Monismith, David R., Jr.
Scope and Method of Study:
This work provides a discussion of the lifecycle of the cellular slime mold, Dictyostelium discoideum (Dd), as it may be used for numerical optimization with emphasis on its use as an Evolutionary Algorithm. The study begins with a review of a number of existing numerical optimization algorithms that make use of direct search methodology (i.e. they do not require the computation of a derivative to perform optimization) such as Pattern Search, Downhill Simplex, and Razor Search. These algorithms are of interest because they were precursors to Evolutionary Optimization, and their search strategies, in some cases, are similar to amoeboid movement. Next, a review of some existing Evolutionary Algorithms is provided. This includes a review of Differential Evolution, Particle Swarm Optimization, and a Real-Coded Genetic Algorithm. The second part of the review is of Dd lifecycle, biological computation, and simulations thereof. With simulations in hand, several data structures are introduced to handle the transition from simulation to optimization.
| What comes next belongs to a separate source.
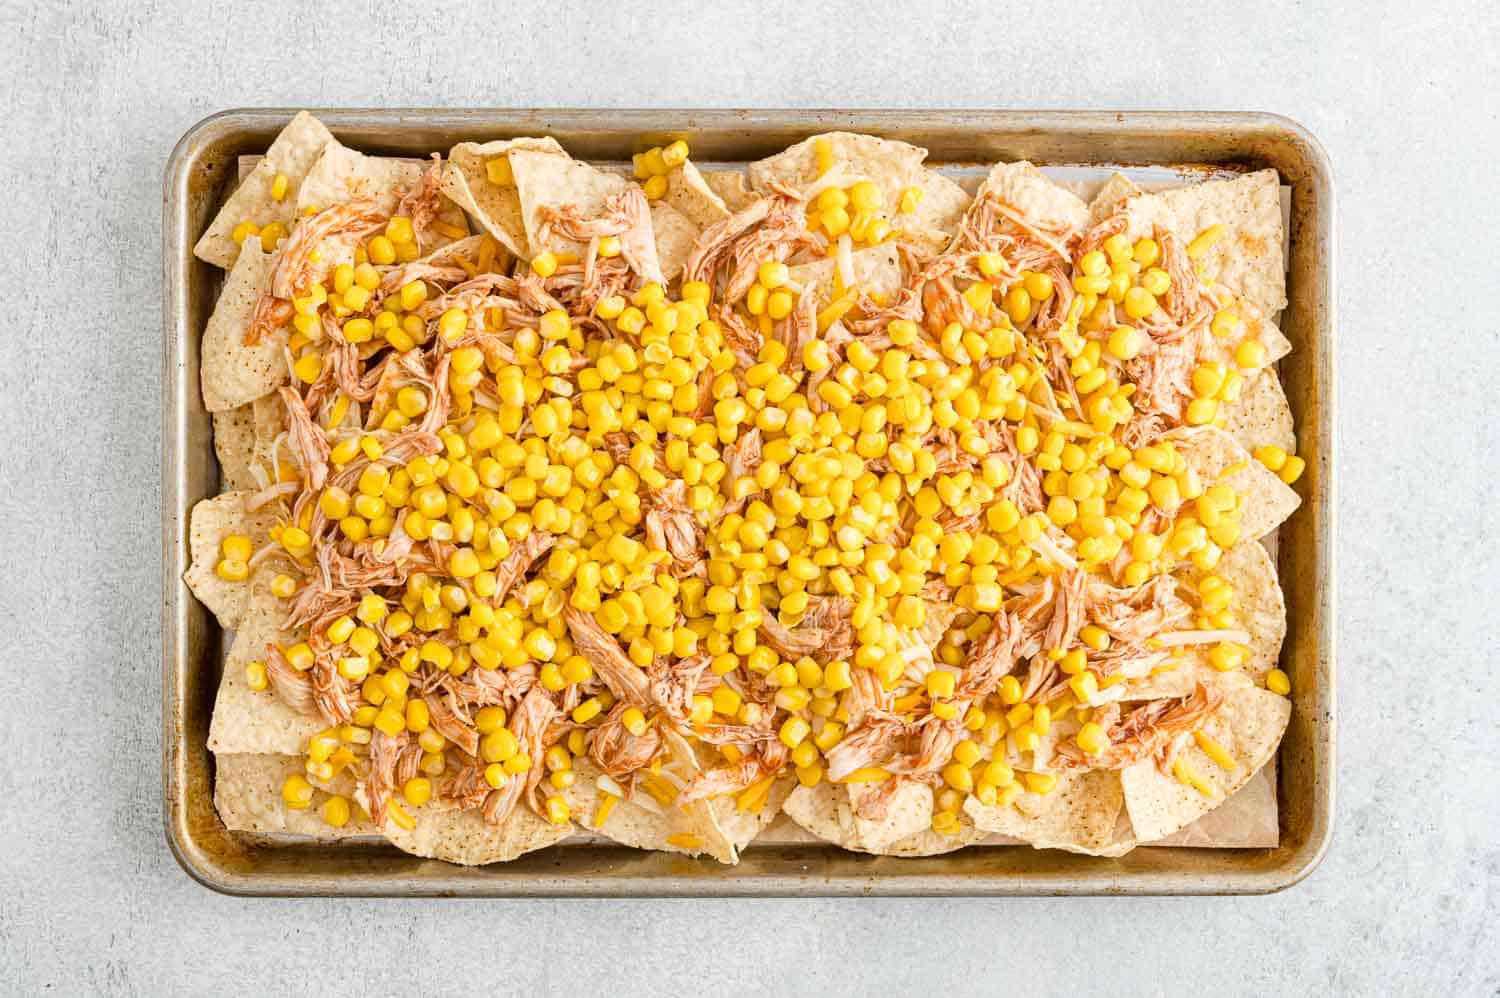 Corn added to nachos.

Then, the Slime Mold Optimization Algorithm is introduced. It follows the lifecycle of Dd, using vegetative, aggregative, mound, slug, and dispersive states to perform optimization. Thereafter, several variants of the Slime Mold Optimization Algorithm are created.
Findings and Conclusions:
The Slime Mold Optimization Algorithm and its variants were tested on a comprehensive function suite consisting of objective functions of varying difficulty, dimensionality, and modality. Results were compared by varying parameters of the algorithm including number of amoebae and maximum numbers of objective function values. Results were also compared to those of existing Evolutionary Algorithms. These results show promise and in some cases are better than existing Evolutionary Algorithms, though work is needed to make the algorithm better suited to extremely large search spaces and problems with high dimensionality. Variants of the algorithm were also tested showing improvement over the original version of the Slime Mold Optimization Algorithm.